Rockford Brewing Rebrands as Prairie Street Brewing Company

Prairie street brewing

Rockford, IL – In 2013, in the same riverside brewery an English immigrant named Jonathan Peacock began building in Rockford, Illinois in 1849, a trio of young Rockfordians fulfilled their shared dream to be in the craft brewing business and opened an all-new version of Peacock’s Rockford Brewing Company.

The beer was flowing and the kitchen was busy year-‘round. In summertime, the riverside docks were filling up with boats, beer drinkers and diners. Business was good. Very good.

Native Rockfordians all, Reed Sjostrom, Dustin Koch and Chris Manuel are co-owners of Prairie Street Brewing Company in Rockford, Illinois.

In the backs of their minds, though, the three owners (Dustin Koch, Reed Sjostrom and Chris Manuel) knew one aspect of their business needed streamlining and improvement: the brand identity and how the business was being promoted.

“We actually had two names and that was confusing people, including us,” said Dustin Koch. “Rockford Brewing Company stood for brewing craft beer and Prairie Street Brewhouse stood for everything else that went on in the building, like meetings and weddings, leasing offices and loft apartments. We knew we had to take a long look at our brand and get better and more efficient.”

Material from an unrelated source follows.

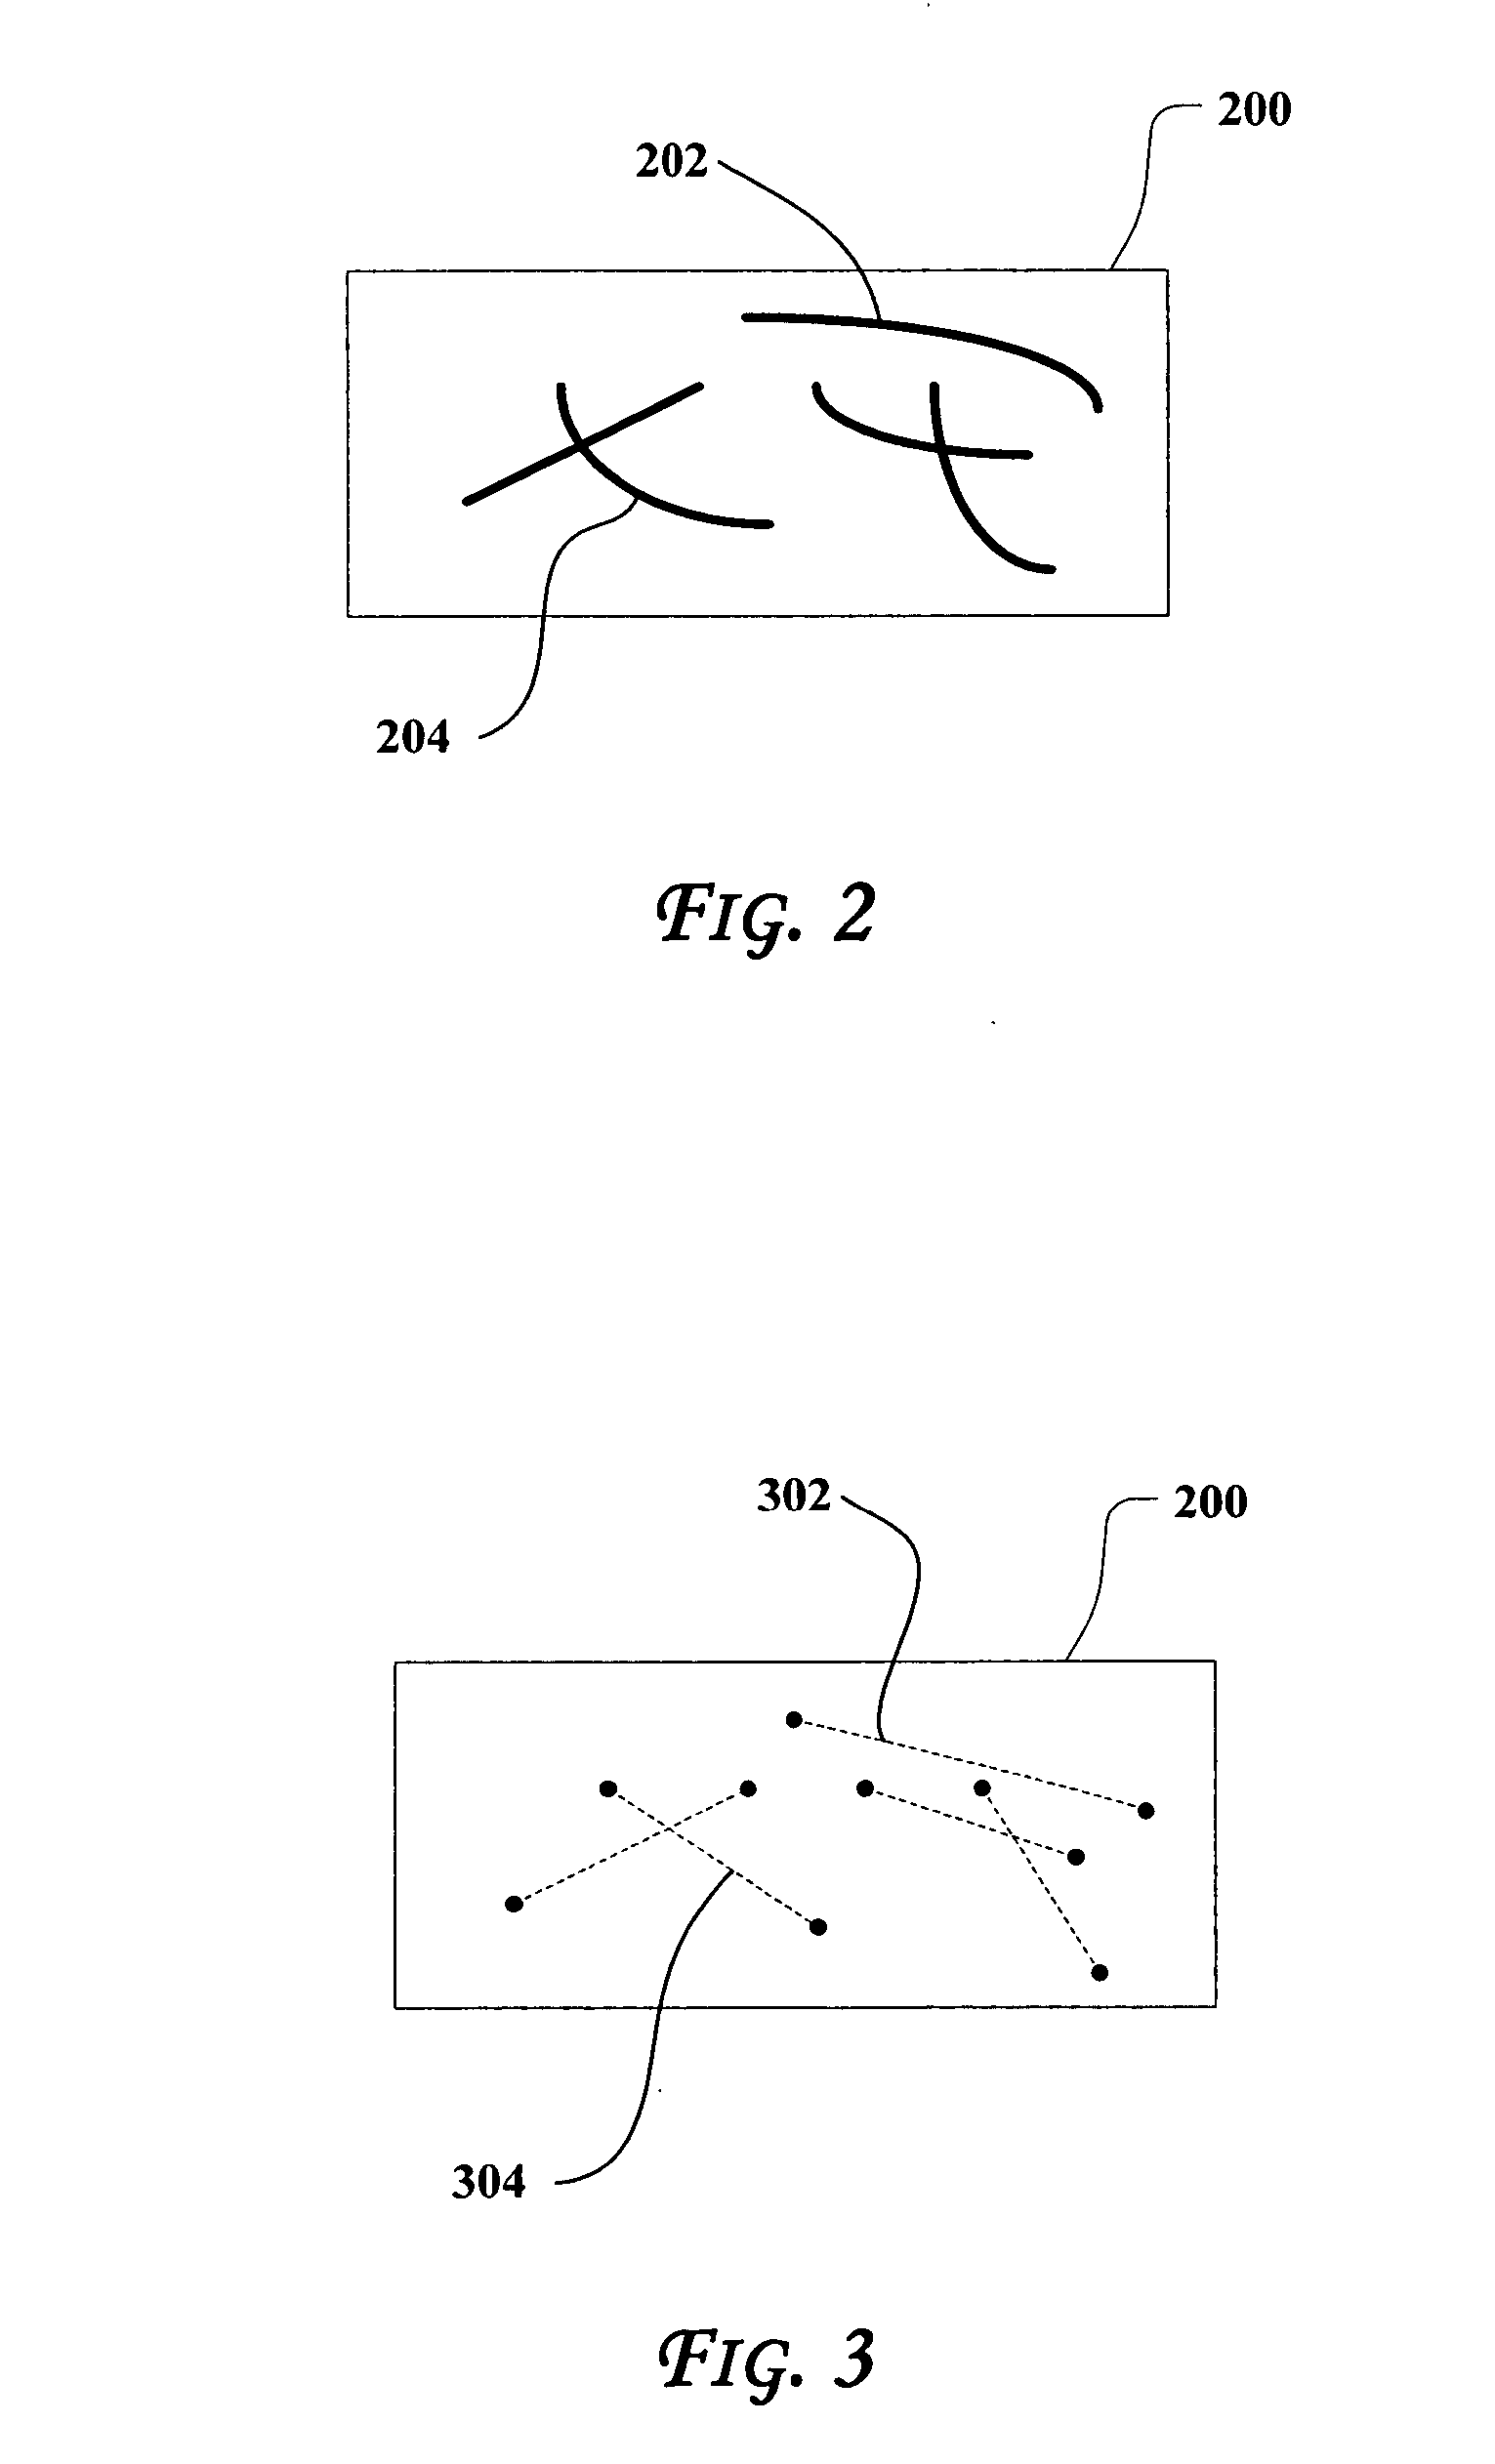 Counterfeit and tamper resistant labels with randomly occurring features

The company was full steam ahead when the trio received a message from the owners of another Rockford Brewing Company, this one in Rockford, Michigan.

“We had no idea there was another Rockford Brewing Company,” said Dustin Koch. “I mean, here we were in this historic building that had been named, ‘Rockford Brewing Company,’ back in 1900. The last thing on our minds was, ‘hey, ya think there are any other Rockford Brewing Company’s out there?’”

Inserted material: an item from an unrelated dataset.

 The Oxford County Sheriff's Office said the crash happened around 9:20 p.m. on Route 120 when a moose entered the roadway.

Jonathan Peacock’s beautiful old building hosted more than 150,000 customers in 2015 in its brewpub, Dockside Taproom and many events spaces.

One of the owners of the Michigan brand visited the Illinois brewery. He liked the Rockford owners and what they were doing, and the two groups agreed to co-exist.

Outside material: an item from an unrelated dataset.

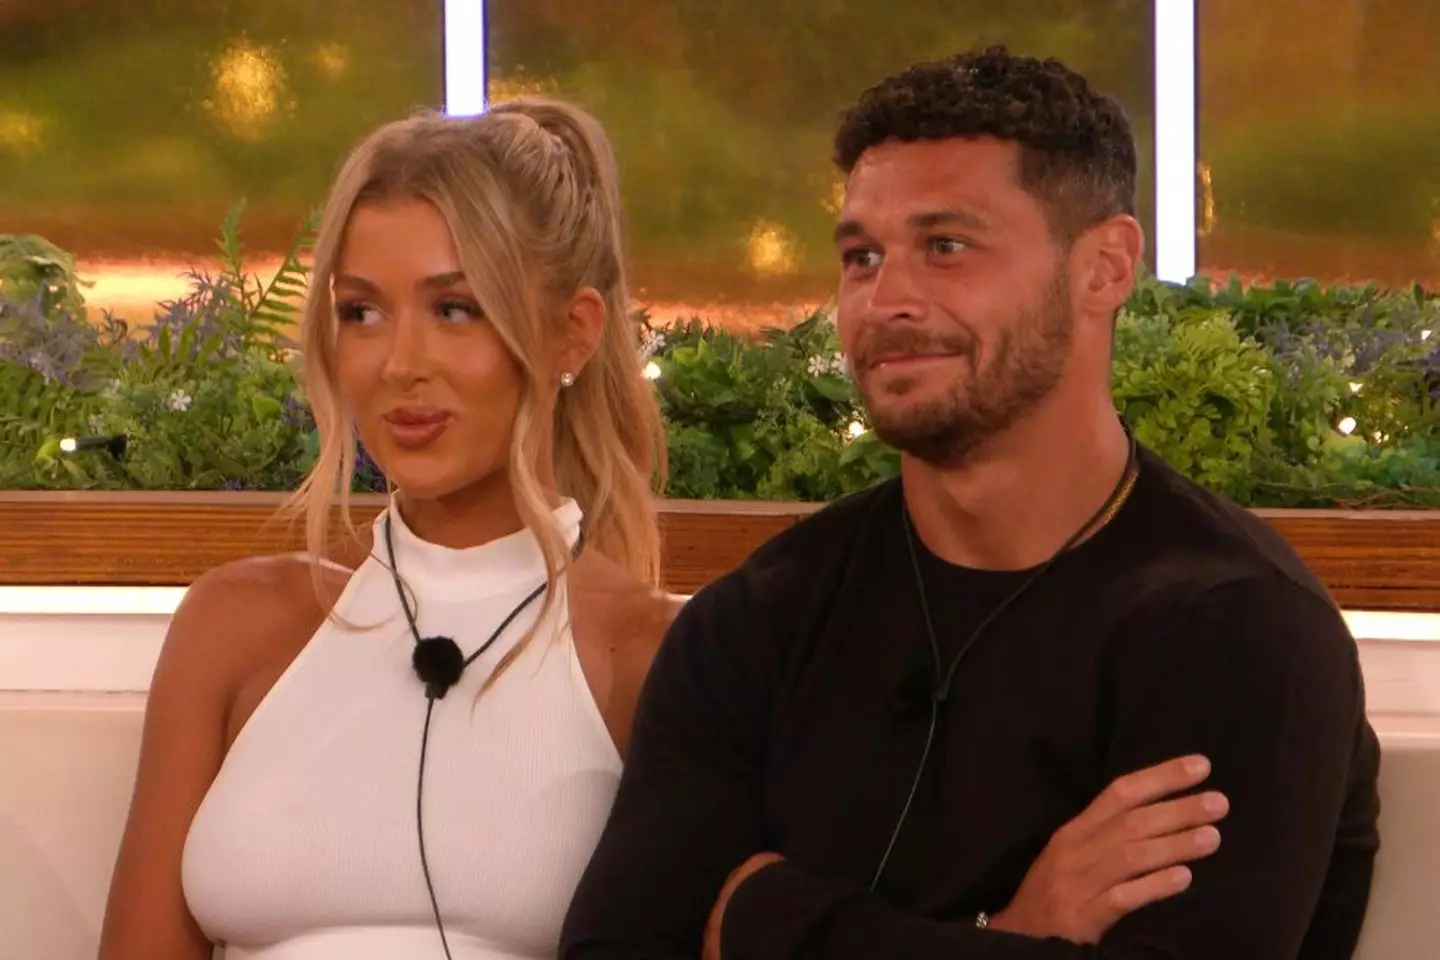 The couple became official on the All Stars version. (ITV)

“He seemed like a nice guy. He wished us luck, and we went ahead and copyrighted our name and moved forward. Then, later that year, they hit us with a cease and desist order. Needless to say we were pretty shocked,” said Koch.

After the Rockford owners filed an initial lawsuit to protect their name, a period of fairly cordial communication resumed between the two ownership groups. They talked and emailed and an out-of-court agreement was reached to, again, coexist.

But, that didn’t satisfy the Illinois partners’ desire to improve their branding.

Prairie street brewing Owners

“We still knew we had to streamline our brand,” said Sjostrom. “And we needed to be better prepared for moves we want to make in the future. Even after the quarrel with the Michigan boys, we were still confusing our own customers and we needed to pave the way for a strategically strong future.”

“Also, the brewery has a history of being re-named. At that point, it had been called Peacock Brewery, Rockford Brewing Company, and Rock River Brewing Company during its 164 year history. We wanted to create an original brand, something uniquely ours and distinctive to this Rockford generation – but still rooted in our building’s history. It was definitely time to make another change.”

In a renewed commitment to improving brand communications, they decided to adopt what had worked in all other aspects of their business to date: best practices.

In 2015, Prairie Street Brewing Company crafted 33,600 gallons of beer. The company recently added new brewing capacity and expects to far exceed that total in 2016.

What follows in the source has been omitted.